Segment Start: Provided material

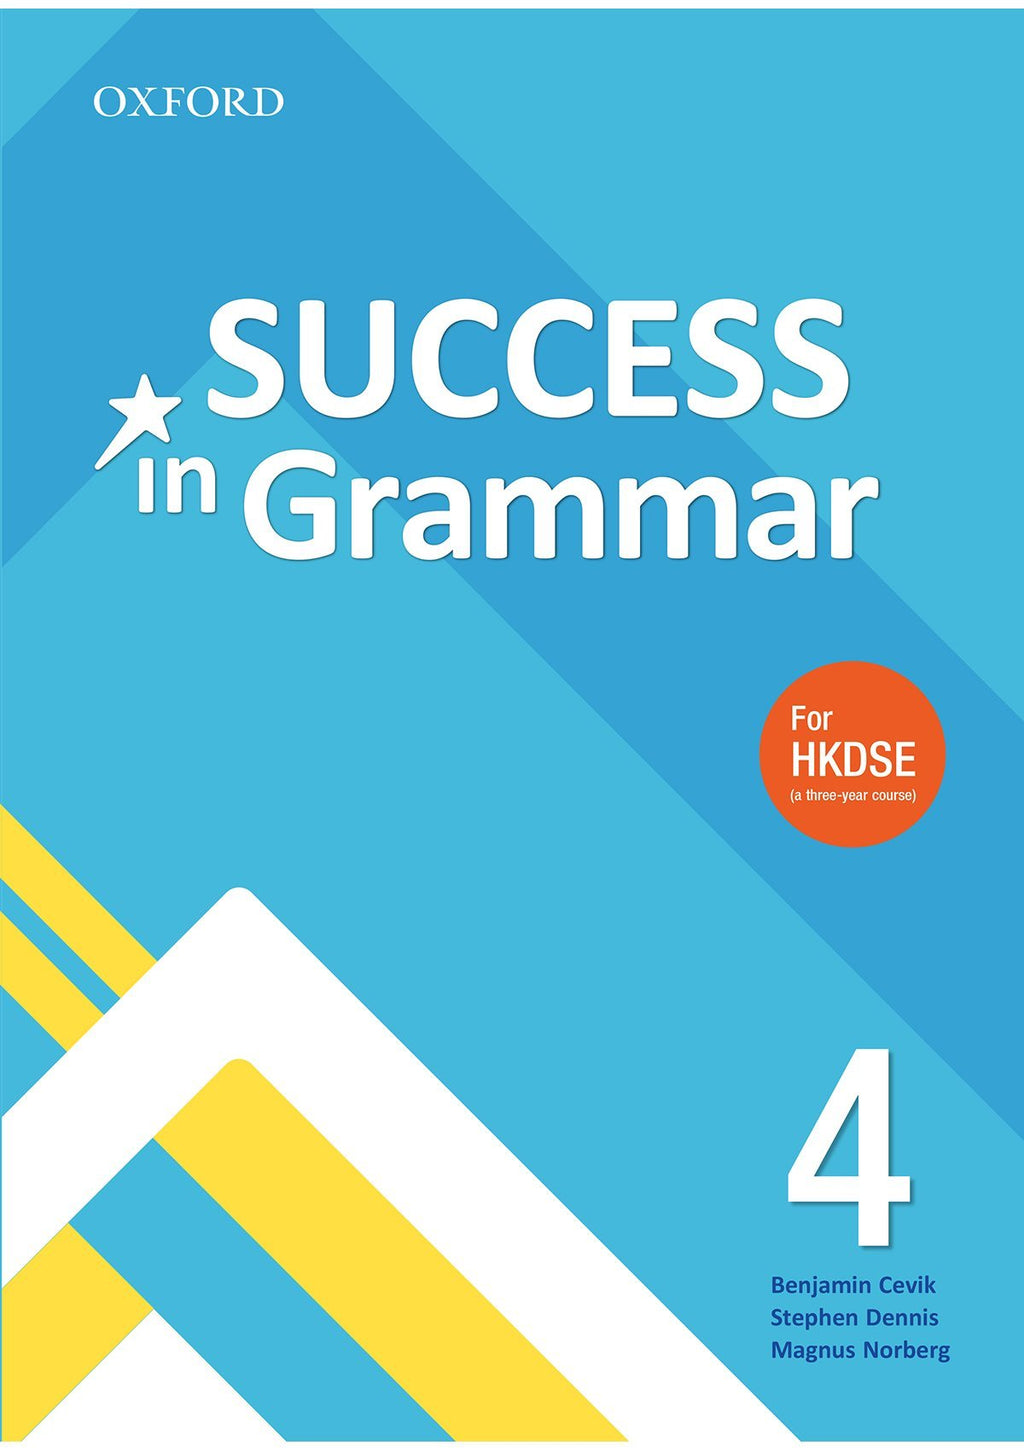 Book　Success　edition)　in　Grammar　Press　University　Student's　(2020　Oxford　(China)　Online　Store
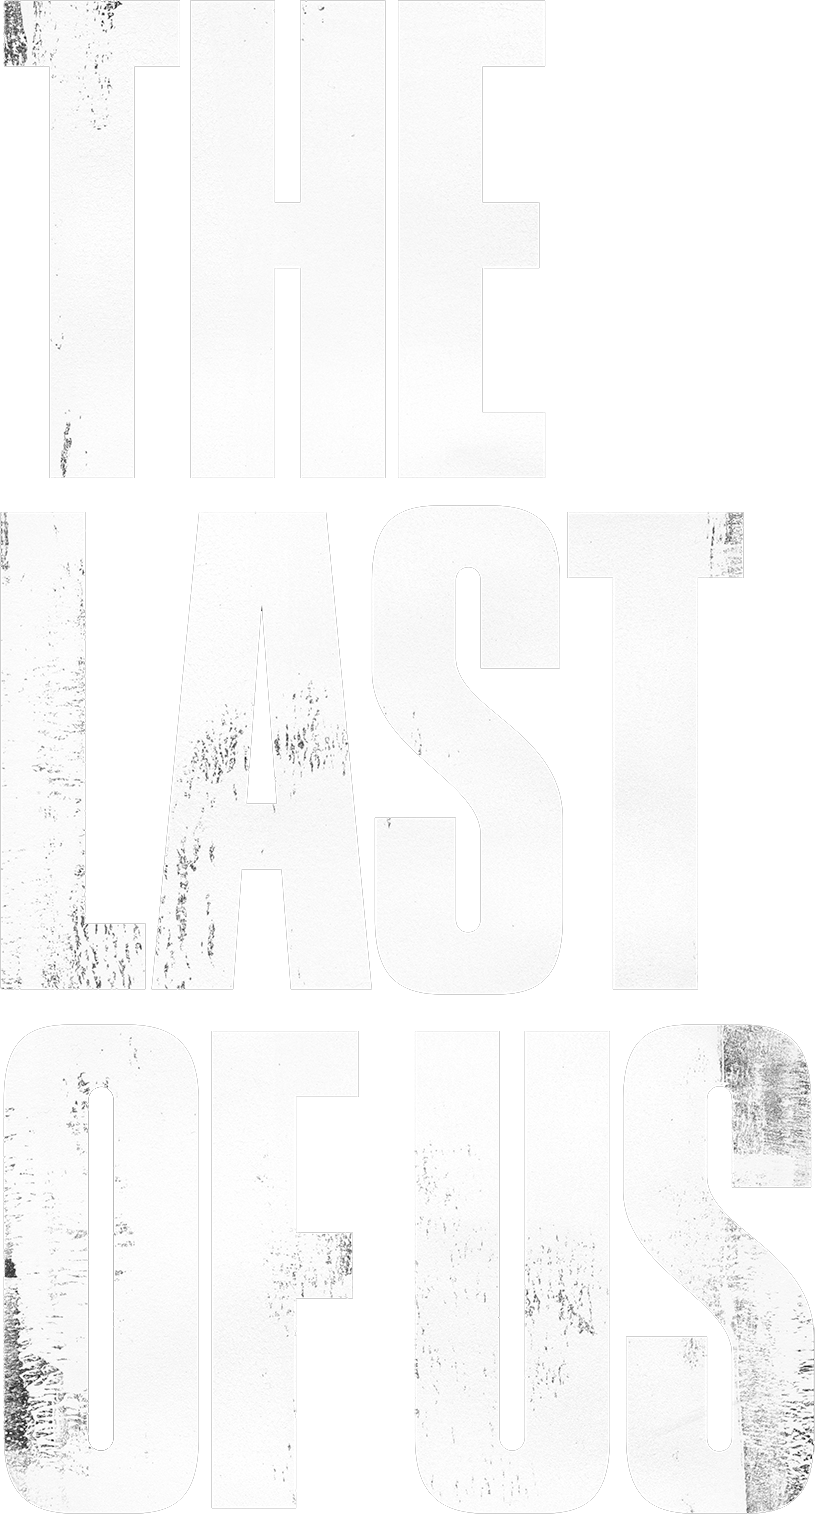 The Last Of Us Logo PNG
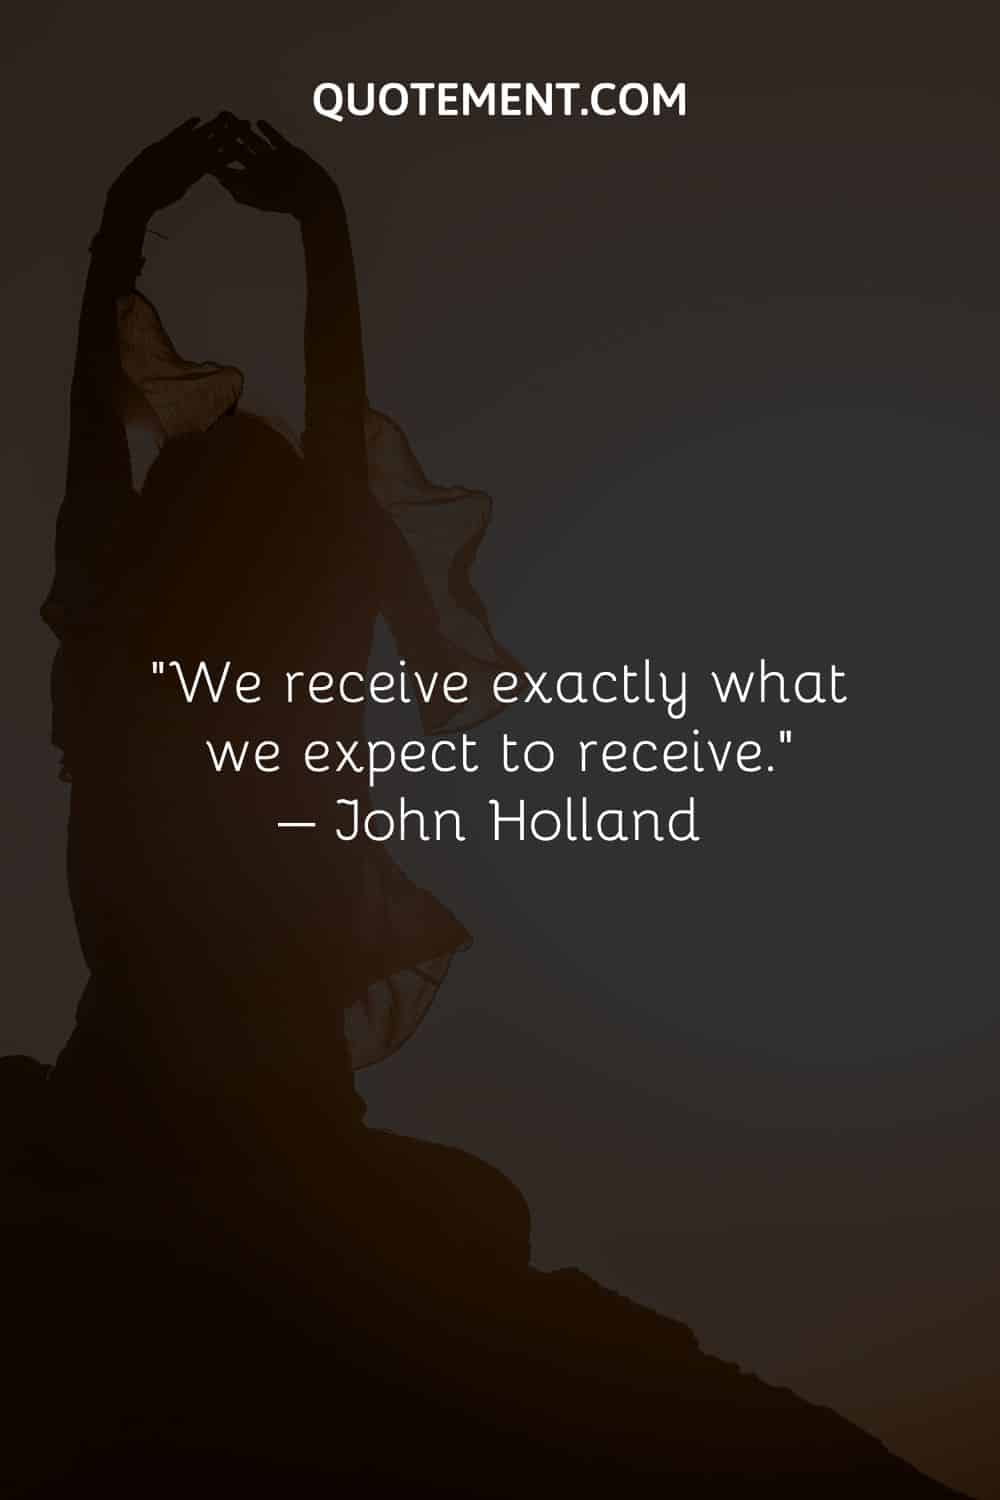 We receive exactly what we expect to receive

Segment End: Provided material

Prompt: Without the pictures, reproduce each line from the one containing "The Last Of Us Logo PNG" through the last line of the material above, both of those lines included.

Expected answer:
 The Last Of Us Logo PNG
 We receive exactly what we expect to receive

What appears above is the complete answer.